I’ve told you about her eyes before, I know, and I likely will again. That blue, with that delicate ring of silver in the center, it was so pure. That knowing that lived in her, it shone so clearly through them. That trusting gaze, warmed with humor yet tinged with sorrow, and I wanted to stare into it forever. I brushed back a tendril of hair from her brow as she looked up at me, possessed by a yearning that scared me more than any monster I had before faced. My fingers curled under her chin of their own accord, under the command of something other than myself, but when she answered the touch by lifting her chin in encouragement I stepped away.
It probably hurt her when I stepped away. She’d never say so but how could it not? I could not breathe as I turned away and clutched my chest. I closed my eyes and focused on the flowers.
Lavender, honeysuckle…
She stepped up behind me and hugged me gently. Her cheek rested between my shoulder blades as I trembled and fought for air, for clarity, for a sign from a god.
Lavender, honeysuckle, apple blossoms, cedar and wood smoke. Her.
“This might be a mistake,” I did not open my eyes as I spoke.
She said nothing. She only listened.
“Don’t let me ruin your life, Ena.”
Her arms tightened but she held her tongue still. I felt her press a kiss to my back through my shirt. It broke something in me. That ship, free of its mooring, could be as dangerous as a carelessly wielded sledgehammer or as harmless as a childhood toy in a tub. Which was I going to be?
“I’ll go work on supper.”
She gently let me go, the feel of her fingers as she brushed my hips as searing as flame. I held a hand to my chest again and willed my heart to slow. I did not dare look back at her, too cowardly as I feared seeing pain or regret on features I was so fond of.

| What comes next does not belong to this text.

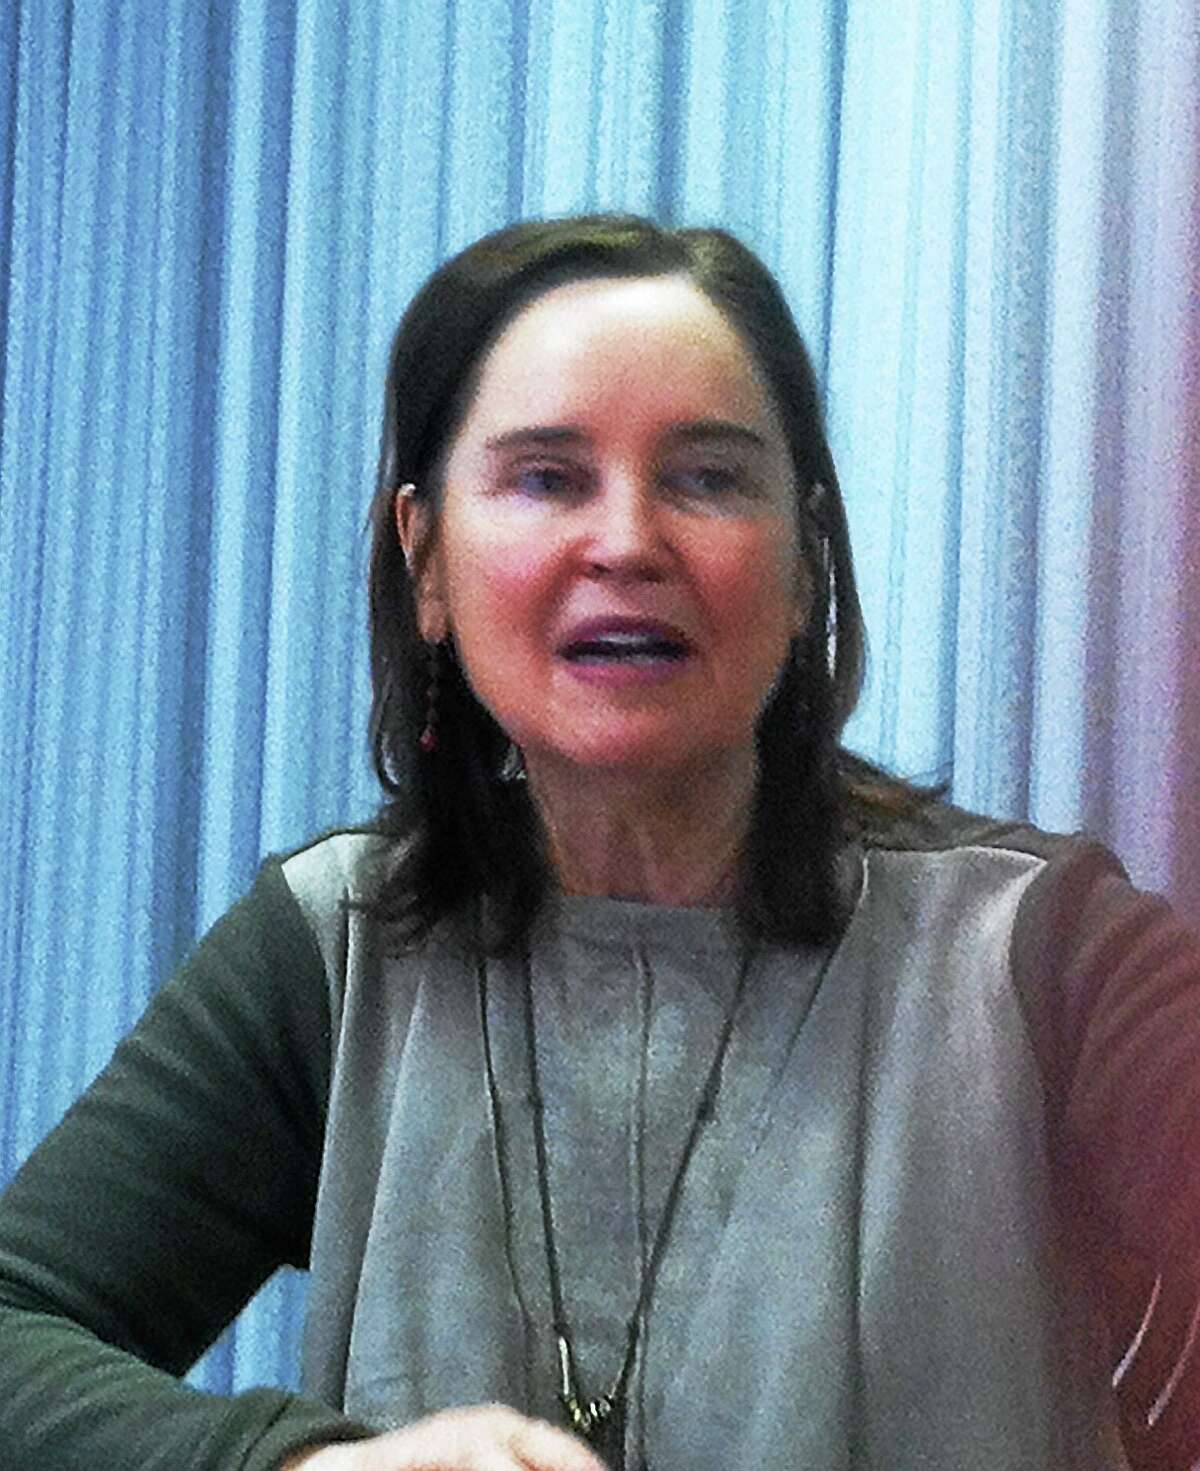 Connecticut Secretary of the State Denise Merrill

“I’ll be here, when you’re ready.”
Her soft words, her steady and patient voice, I did not know what to say. I lowered my head as I nodded and left to return to the cottage.
Now, I could go on and on telling you the boring details of what I cooked and what else that night entailed but I think this time I will spare you that. This time I will leave you to consider how frightening vulnerability is when you do not feel worthy. What becomes of a ship finally free of the wrong mooring and left alone at sea? Maybe we’ll explore that another day.